4/ ...fundamentally, the way how investors should make investment decisions does not change. In many ways, #DeFi protocols can be assessed just like #TradFi companies, for example in terms of profitability (revenue vs. cost)
5/ while there are also other, more crypto-specific factors that need to be considered (e.g. community, tokenomics, etc), fundamental analysis with regards to adoption (nr of users, volumes, TVL) and profitability are essential for making successful #DeFi & #Web3 investments
6/ I have performed a similar analysis on the substrate-based L1 chain @MoonbeamNetwork ( $GLMR ) last week:
9/ but before we dive in, let's quickly clarify some terminology. Using @tokenterminal's definition, we break down revenue as follows:
- protocol revenue: share that goes to the protocol (token holders)
- supply-side revenue: share that goes to liquidity providers/stakers
10/ since we want to assess protocol profitability what we care about in the context of this analysis is hence protocol revenue
11/ on the cost side, we consider the cost of token emissions that incentivize users to interact with the protocol (e.g. liquidity mining programs) retrieved from moneyprinter.info
12/ so lets get started! As a #DEX, Uniswap generates revenue through trading fees generated by users trading on #Uniswap liquidity pools
as the only major DEX, @Uniswap does not have any protocol fees. Hence all the revenue generated is supply-side revenue & accrues to LPs
23/ in the past 90 days, #Uniswap has generated $156m in revenue, averaging $1.7m in daily revenues
14/ on the cost side stand $UNI incentives for LPs (through liquidity mining rewards). 20m $UNI tokens were distributed in #Uniswap's initial liquidity mining program to bootstrap liquidity
15/ moreover, 430m $UNI were initially allocated to the community treasury (also to potentially fund additional liquidity mining programs). However, there are currently no ongoing liquidity mining programs and no token emissions
16/ but there will be a perpetual inflation rate of 2% per year starting 4 years after TGE, ensuring continued participation and contribution to Uniswap at the expense of passive $UNI holders
17/ with the absence of protocol revenue and token emissions, $UNI is a special case. But with 20m tokens ins liquidity mining incemtives so far, one could say that since inception, Uniswap has incurred a cost of roughly $131m (at today's $UNI price) to generate $2.3bn in revenue
18/ if like in @SushiSwap's case, $UNI had a protocol fee of 0.05% (as a component of the 0.3% trading fee), the protocol (and hence token holders) would have earned $383m in protocol revenue
19/ because the fact that LPs earn the full 0.3% trading fee on Uniswap makes it more attractive for LPs, one could almost say that the sacrificed protocol revenue currently takes the incentivization role token emissions take in other protocols
20/ however, with hypothetical annualized protocol revenue of $105m (assuming 0.05% fee & based on avg. daily revenue in last 90d) vs. the cost of the future 2% annual emission that amounts to $131m at current prices...
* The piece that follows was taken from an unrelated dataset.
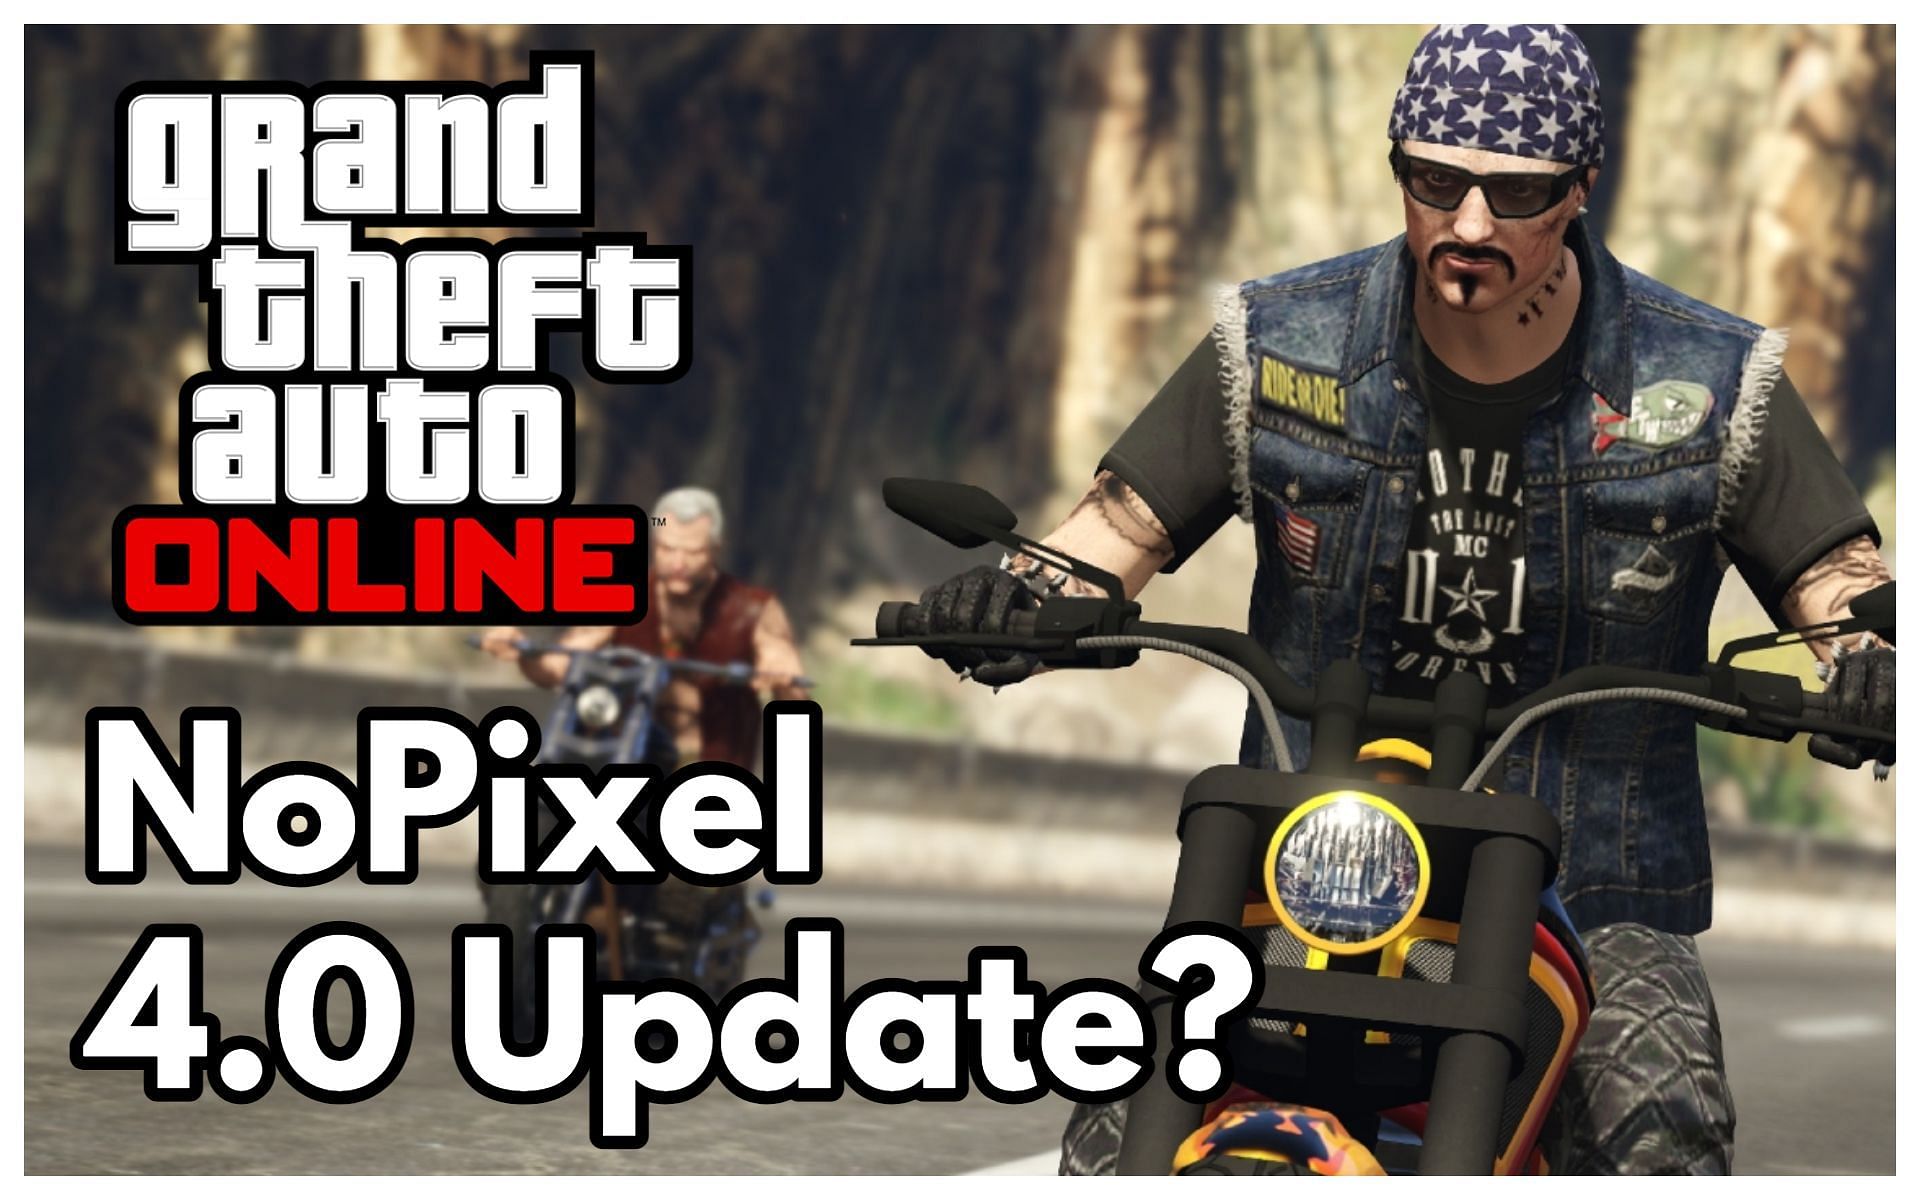 The new Nopixel update might be coming soon (Images via Rockstar Games/Sportskeeda)

21/ ...@Uniswap would currently not be profitable. But keep in mind that we're in a market phase with comparably low DEX volumes (and hence low revenue). If we take hypothetical protocol revenue in the past 365d as a reference ($192m), $UNI would be profitable
22/ this is different with @SushiSwap. While $SUSHI has a much lower volume ($299m vs. $7.3bn on $ETH), it is the most profitable DEX on #Ethereum (in terms of protocol revenue generated)
in the last 90 days, $SUSHI generated a total revenue of $16.3m
23/ due to the 0.05% protocol fee (total fee of 0.3%), 16.67% of this revenue ($2.7m) has accrued to the protocol (token holders), while $13.6m accounts for supply side revenue (liquidity providers)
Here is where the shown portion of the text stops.